Comment by spencerflem

11 days ago

I love library based game dev, like raylib or libgdx, but there is a reason that games like slay the spire moved to unity and then godot for their sequel.

That is to say, I don't think people are using Unity because they were mistaught by complexity loving professors.

Another thing related to this that I found kind of interesting, is this post [0] (unfortunately on twitter) of the developer of Caves of Qud, where they fully ported their game from Unity to Godot as an experiment, showing that they seem to have built the game around a single node, essentially just using Unity (and then Godot) as the presentational layer, similar to a simple graphics library type thing, basically ignoring the whole node system of either engine.

I wonder if this kind of architecture might also be a pretty good approach. The fact that they were able to port the game to another engine within a day is pretty impressive.

[0] https://xcancel.com/unormal/status/1703163364229161236

I don't think that the developers of Slay The Spire were taught by complexity loving professors, no. But education does more than influence the people at universities. Education informs norms, traditions, and styles that permeate through industries.

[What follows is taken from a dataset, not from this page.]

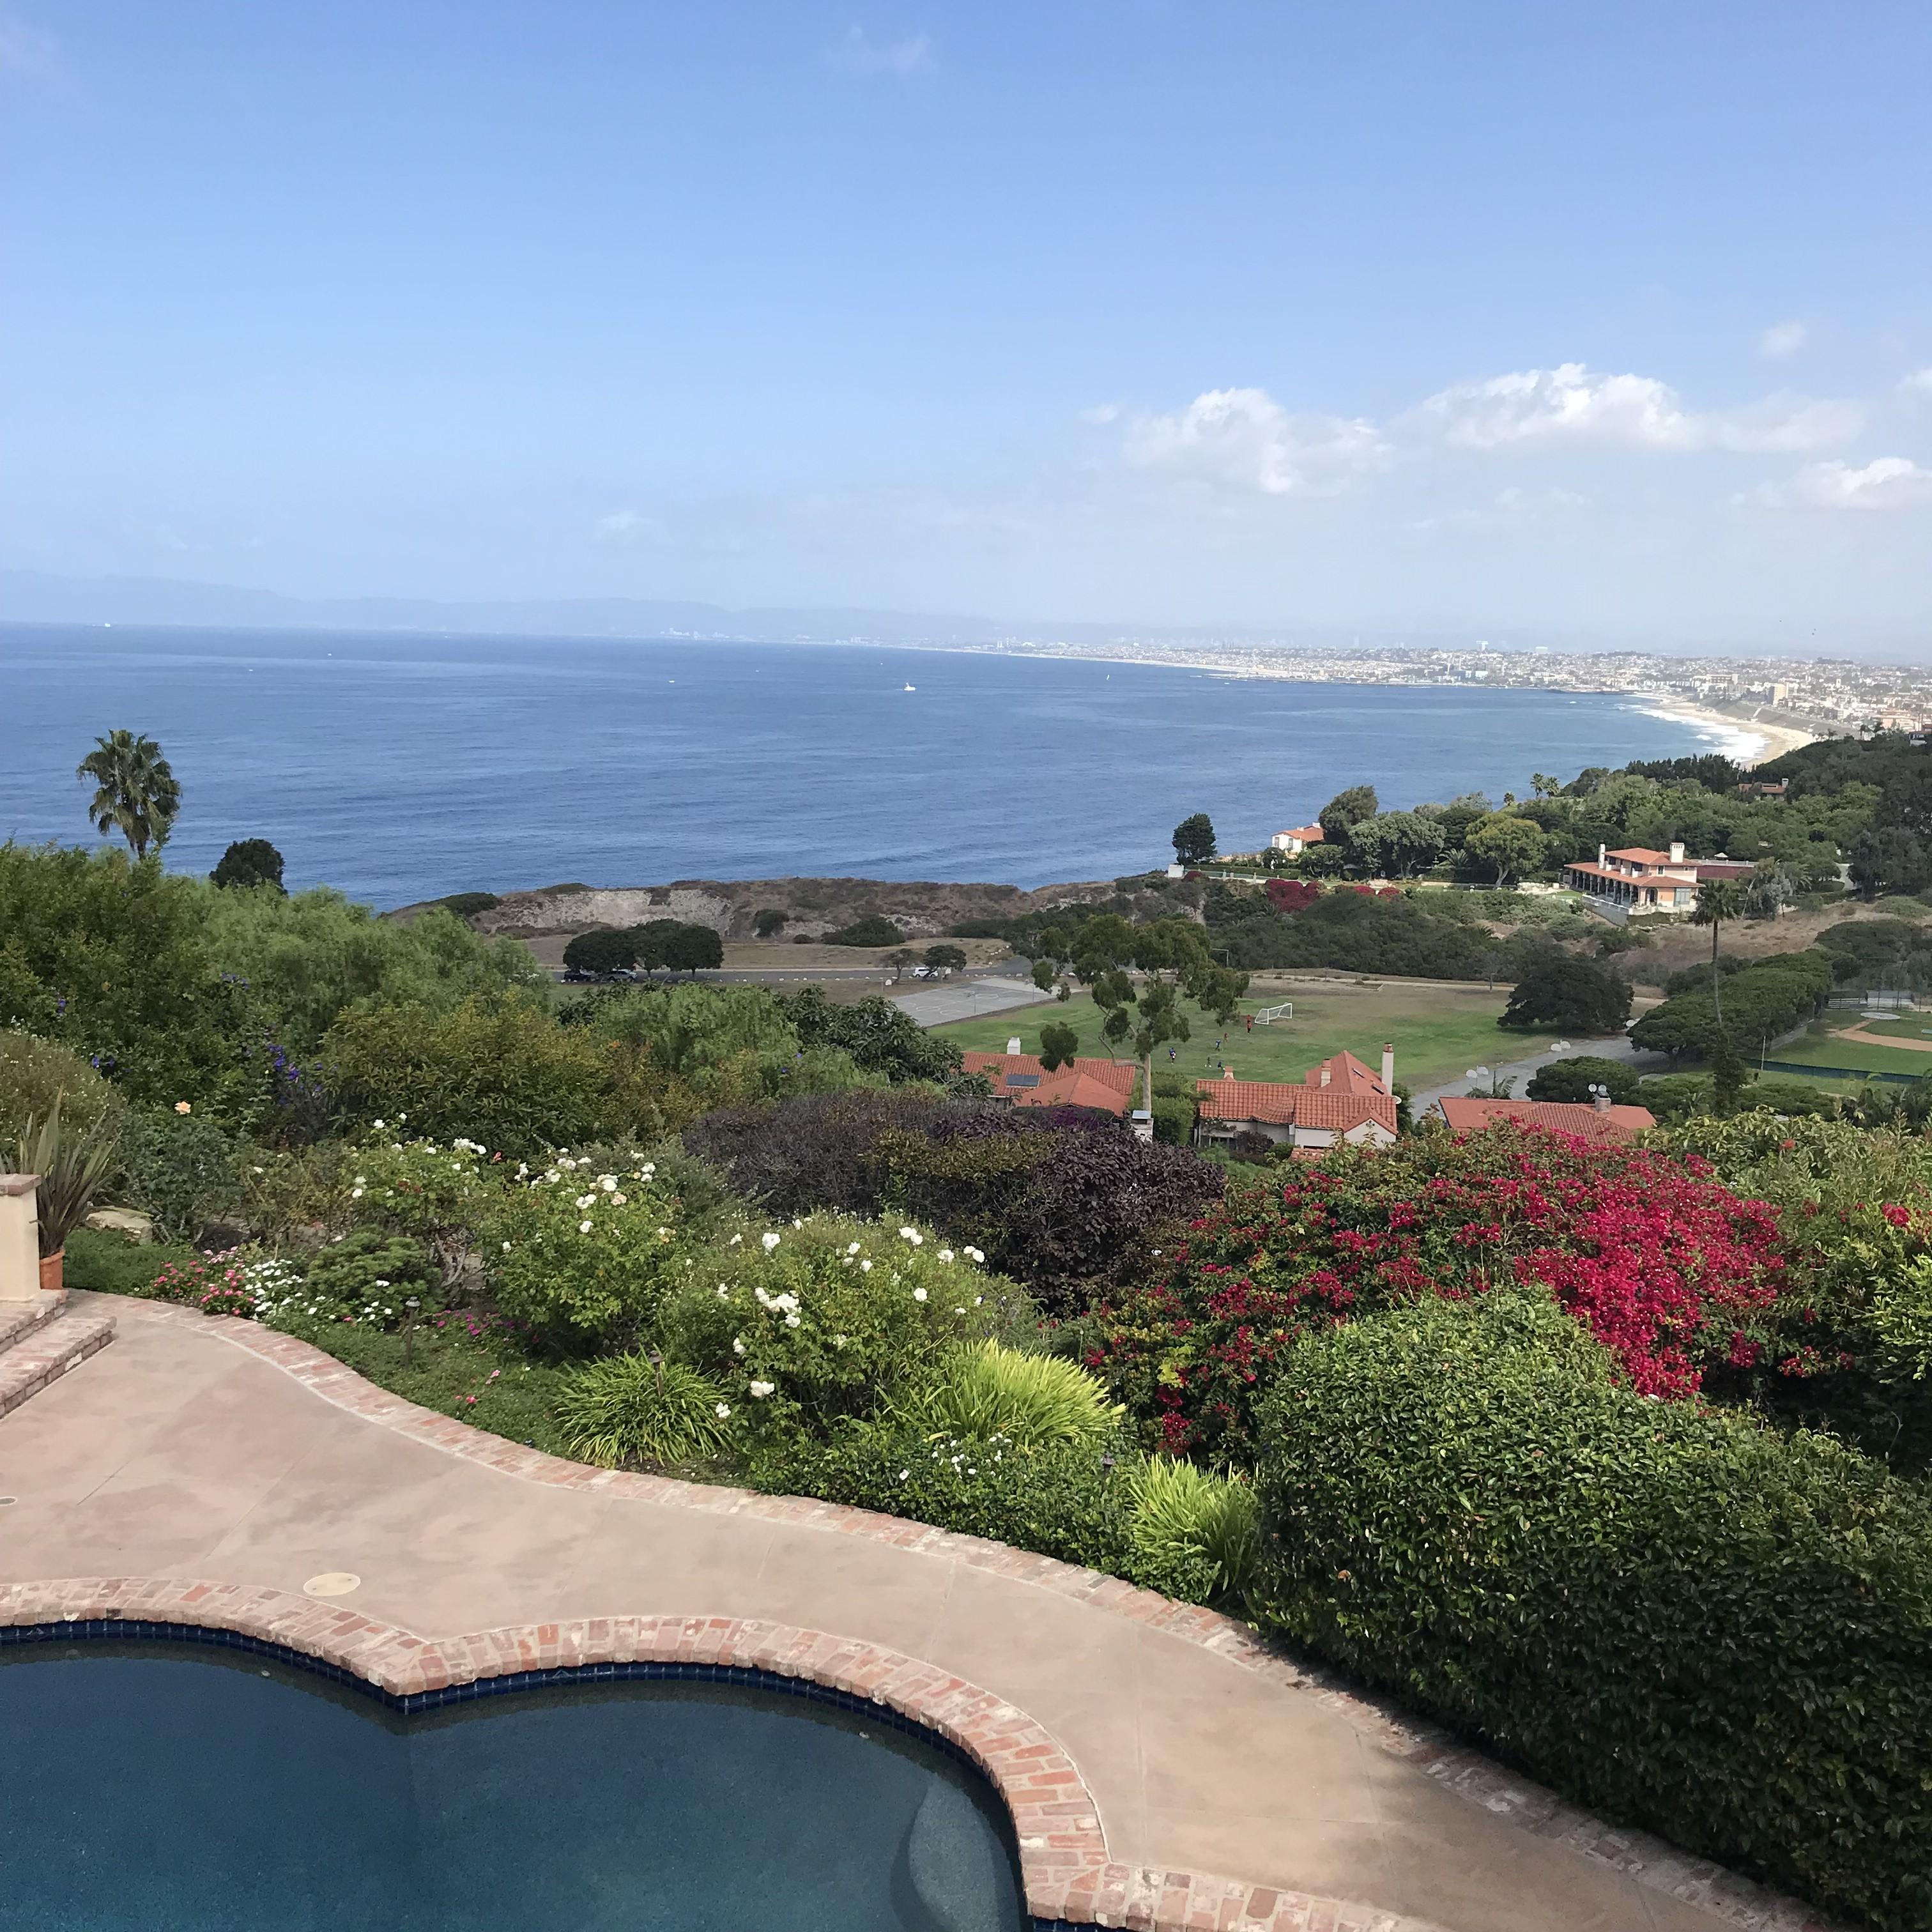 The Pandemic Effect on the Palos Verdes Housing Market

An example from outside tech: the music notation app Finale found a strangle hold on the education market, and now it's one of the standards for notation, despite being the worst option (source: have you tried Finale?).

I've never played the game, but my understanding is that Slay the Spire largely impresses on a design and artistic front, not a technical one. Its engine requirements were not based on feature set or code quality, but on what developers knew. So they probably picked Unity because it was ubiquitous. Education starts the problem, and then devs who need something common they care hire for continue the problem. I don't blame devs for this, it's the right choice to make and obviously Slay the Spire is great, but I am saying that this is a force that drives down the quality of game engines.

  • No, they started with a code only framework (my beloved LibGDX) and then moved to Unity/Godot for the sequel for pragmatic reasons. See my other comment.

    Being ubiquitous was part of the decision, yes, because it means there are many high quality plugins instantly integratable which is a huge time-saver.

    • Fair, though when I say "quality decline" I'm mostly talking about extraneous useless features and overly complicated node-based architectures that require GUIs. There are simpler ways to do all of this stuff. This engine, Tramway, is proof of that. Godot sits somewhere in the middle, I've used it a little but I don't know enough about it to say whether it's overly complex or not.

      You are correct: I definitely agree that not all gamedevs should be making stuff from scratch, but I also think that Unity is a little too much. There's a good middle ground somewhere slightly above raylib.

      My argument is that the promotion of engines that live near this middle ground is blocked by education: people who want to be able to sell long courses to the people who look up "how to make a video game."

I’m curious, what was/is the reason? I would like to learn more about the tradeoffs people are experiencing.

  • This is mostly on switching from Unity to Godot: https://caseyyano.com/on-evaluating-godot-b35ea86e8cf4

    But also features this brief comment on game libraries:

    "More than a Game Library: Having worked in SDL and LWJGL I’d like a bit more handholding. A few in-house APIs for loading/unloading resources, font stuff, and display handling please. I don’t want to write those; I want to make games!"

    and some words on LibGDX in specific

    "The reason we chose LibGDX for Slay the Spire was because it could do PC, Mac, and Linux. Yes, it runs in a JavaVM and it has all sorts of problems but it’s write once, run anywhere amirite? No. It don’t run on consoles and Mac and Windows updates constantly break it. "

    All that said, I still love LibGDX, raylib, löve, and if I was going to make a game I'd use one of those because I think they're more fun. But I'm also not doing this professionally, on a deadline, and with a requirement to work on consoles

Doesn't Slay the Spire rerender every card's render target every single frame? It runs like dogshit on the Switch for no good reason, given how graphically simple the game is compared to other titles on the platform.

  • I'm not sure. I can tell you that the port was done by a third party that needed to transpile the java code first to C# and then to C++.

    https://pbs.twimg.com/media/ETkH_QvXkAAD2N7?format=png

    • Wow, that's wild—almost seems like it would've been less work to just rewrite it manually at that point!

      But yeah, the more cards there are on the screen at once, the lower the framerate gets—very noticeably so, when you're e.g. looking at the view of your entire deck, or when you draw several cards at once. I just assumed it was some inefficiency that entirely unnoticeable on a high-end PC (250+FPS, no problem), but was very apparent on the Switch. I never would've guessed there would be something far crazier at play than I imagined!